There are allegations of non-transparent land reallocation and revocation, as well as excessive spending on political media optics without developmental value.
The consequences of these include alienation of citizens, especially in rural and peri-urban communities, waste of public funds on underutilized projects, widening social inequality within the territory, and loss of public trust in FCTA leadership and institutions.
Social spending should be reprioritized, and at least 40% of the 2025 FCT budget should be allocated to health, education, agriculture, and job creation.
The FCT Administration should develop an inclusive urban transport policy, establish a functional public transport system with procurement of buses, route mapping, and pricing frameworks.
It should audit and regulate land allocations, publish a transparent digital registry of land transactions and revoke questionable reallocations.
Also, ban the use of FCTA funds for political commentary, interviews, and PR unrelated to development outcomes.
Engage Area Councils in participatory budgeting, strengthen local governance by mandating that a minimum percentage of capital projects originate from area council proposals based on community consultation.
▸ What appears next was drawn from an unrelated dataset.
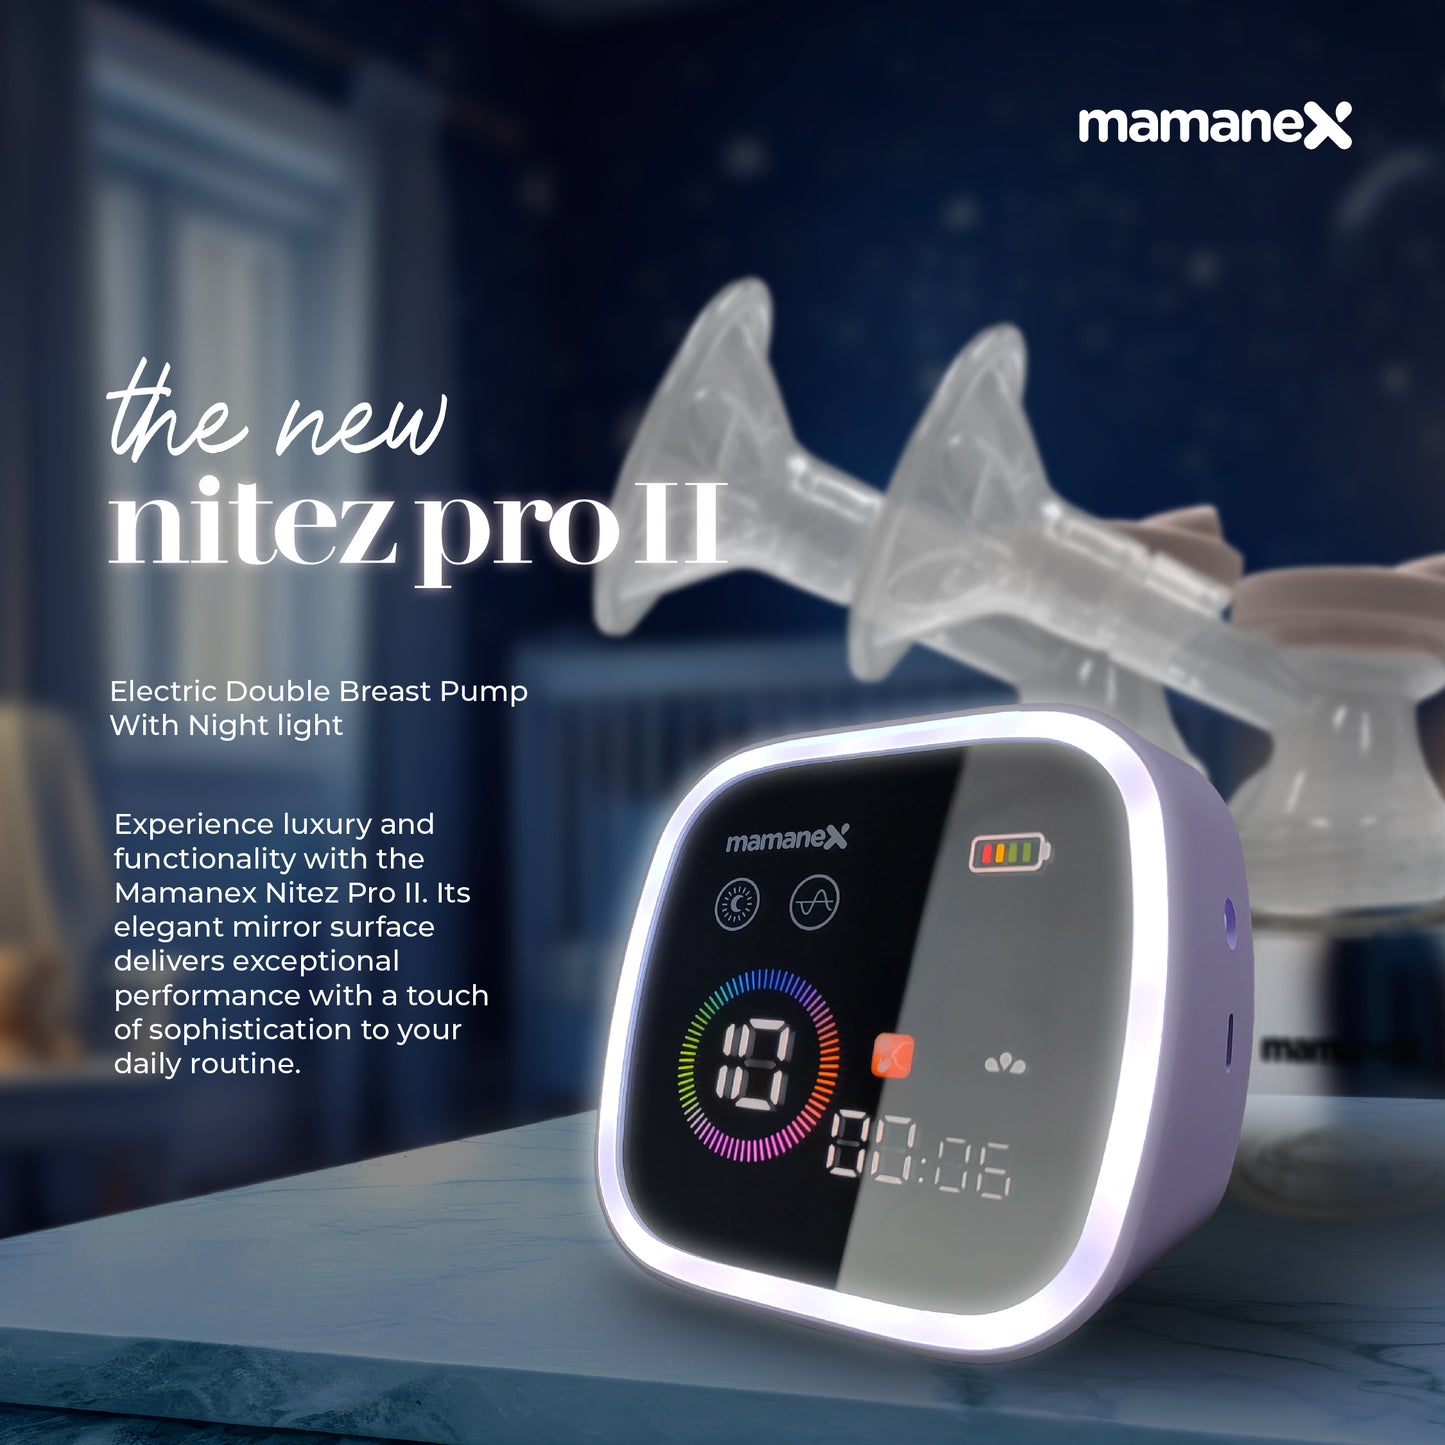 Mamanex Nitez Pro II Double Electric Breast Pump
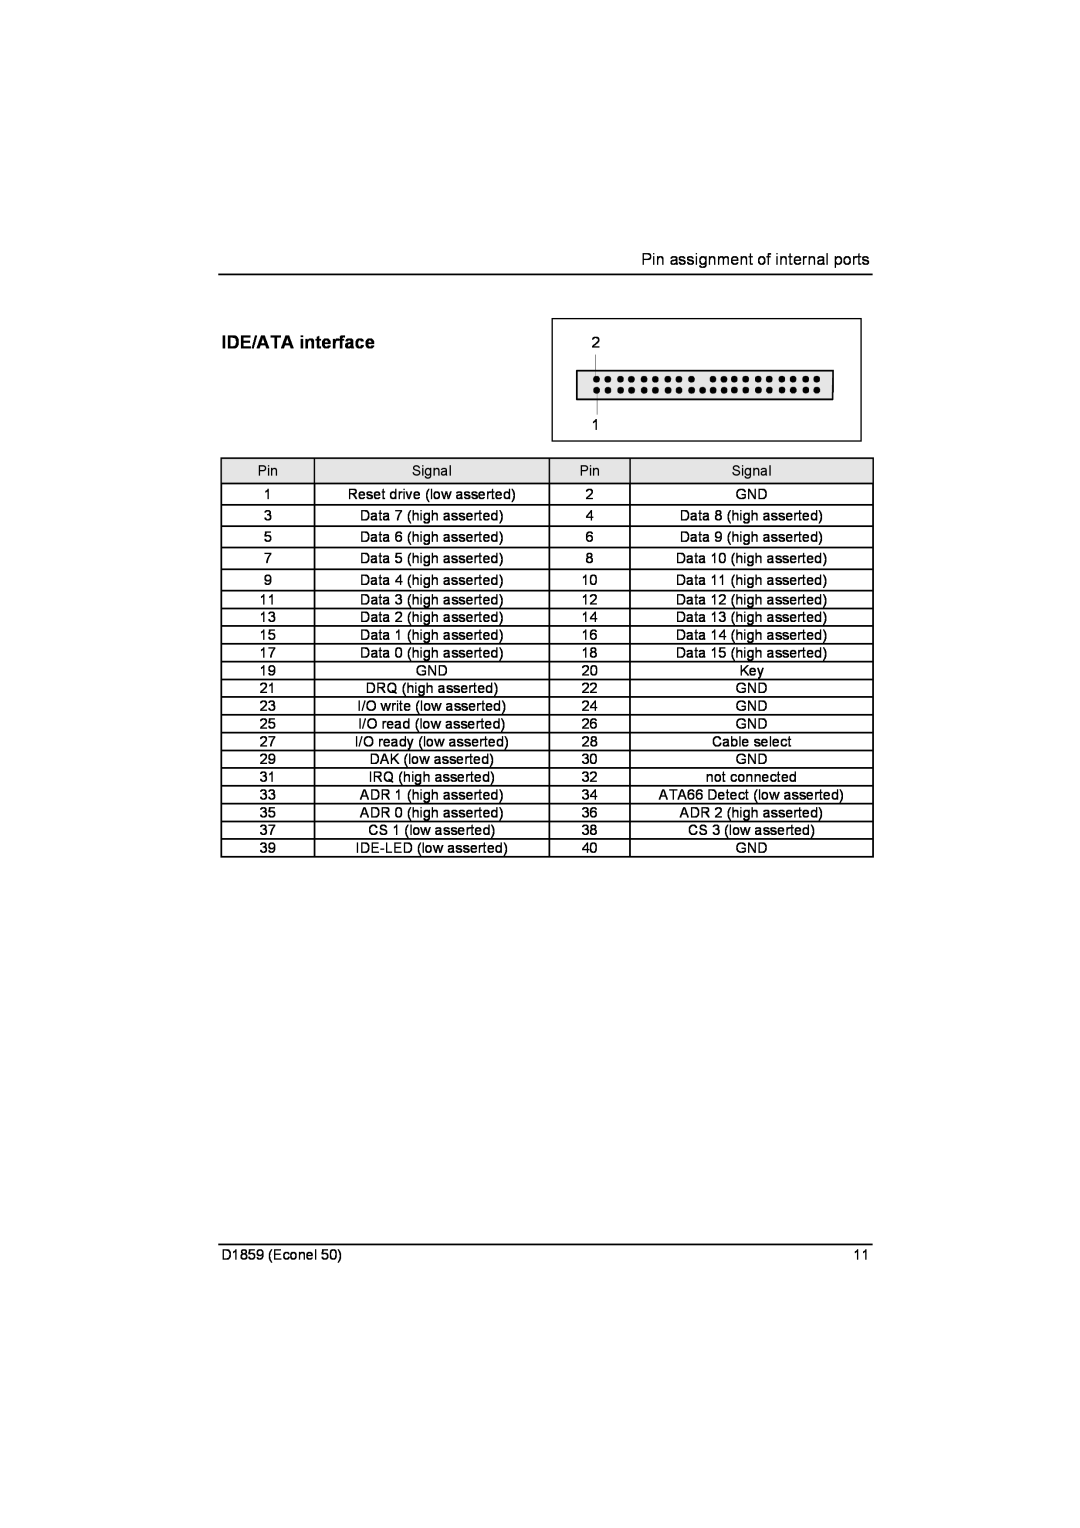 Fujitsu D1859 technical manual IDE/ATA interface, Pin assignment of internal ports

What Abuja needs is not a makeover—it needs meaningful transformation rooted in fairness, sustainability, and responsiveness. It needs roads, yes, but also hospitals. It needs terminals, but also functioning schools. It needs leadership that understands governance is not show business, and development is not measured by how many projects are commissioned in 19 days.
President Tinubu must recalibrate the FCTA’s direction. Nigeria’s capital should not be a battlefield for egos or a trophy case of political extravagance. It must be a model of balanced development, driven by leaders who understand that true infrastructure begins with the people—not just concrete.